Though I'm not a huge red letter advocate, I can kind of see where they are coming from. The black letters are without error, but might be completely right in recording an error, and one could clarify in that way. My step-mom has a Bible that underlines all words spoken directly by God recorded in the Word, be them spoken by the incarnate Christ or not. It's kind of cute.


----------



## Me Died Blue (Jan 15, 2006)

> _Originally posted by Mike_
> The black letters are without error, but might be completely right in recording an error, and one could clarify in that way.



But any of Jesus' statements could be - and in fact many are - pointing out an error or a false statement as well, in the exact same way.
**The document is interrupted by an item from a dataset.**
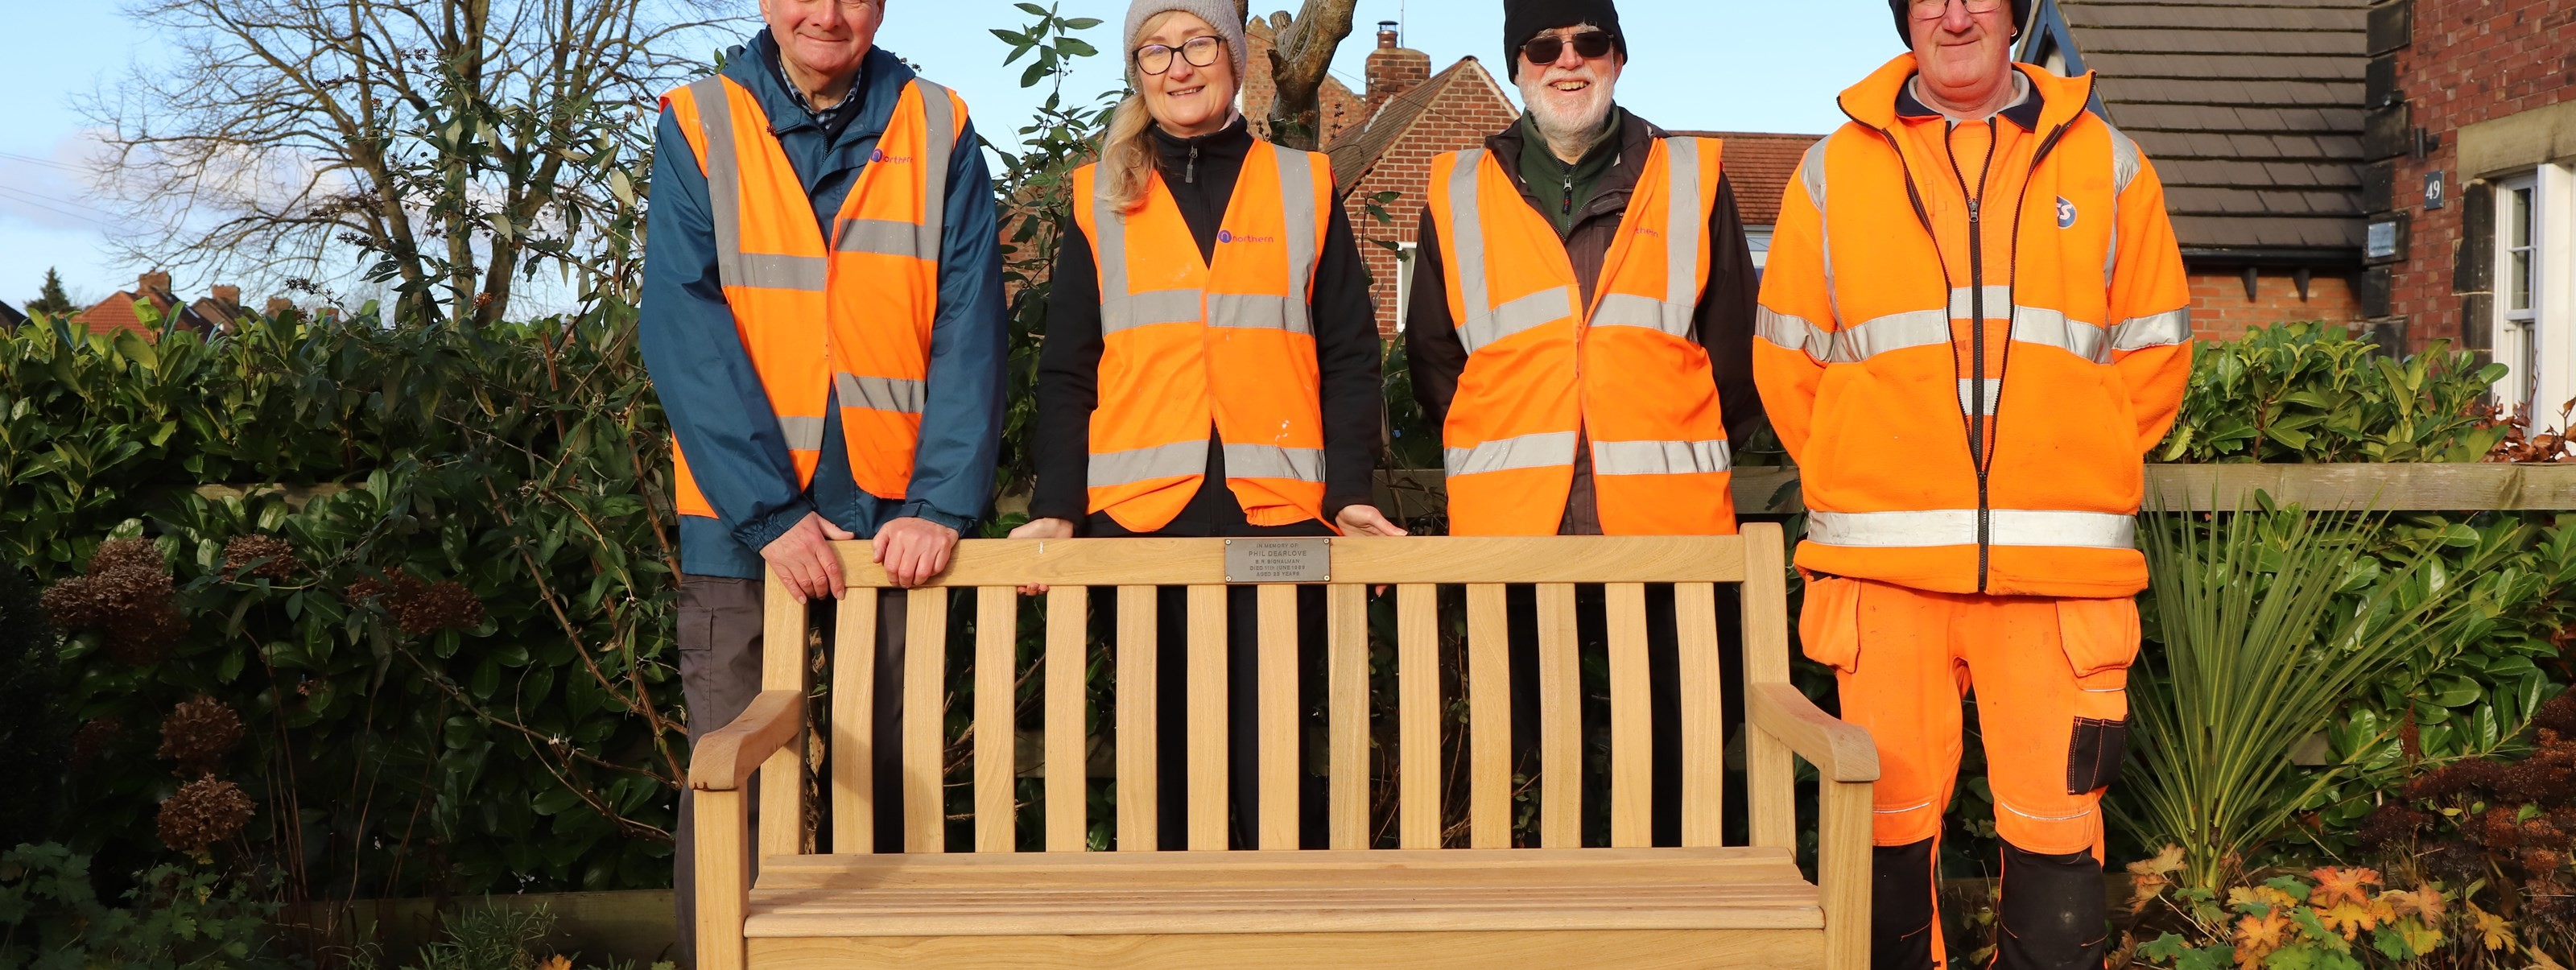 this-image-shows-the-poppleton-memorial-bench-alongside-station-volunteers

I think the whole thing goes hand-in-hand with the New Testament Bibles, both a result of the popularity of the Dispensational mindset.


----------



## Pilgrim (Jan 15, 2006)

I think red letter Bibles originate from about the turn of the last century


----------



## Pilgrim (Jan 15, 2006)

The only NKJV of good quality (i.e. other than cheapo "gift and award Bibles that lack references and text notes, etc) I can think of that's available without "red letter" is the MacArthur Study Bible. Even the New Geneva Study Bible has "red letter". 

Also, the paper quality in most of Nelson's Bibles at best leaves something to be desired, and their red lettering tends to be somewhat faint compared to that found in Bibles produced by other publishers, making it hard to read at times, at least for me. 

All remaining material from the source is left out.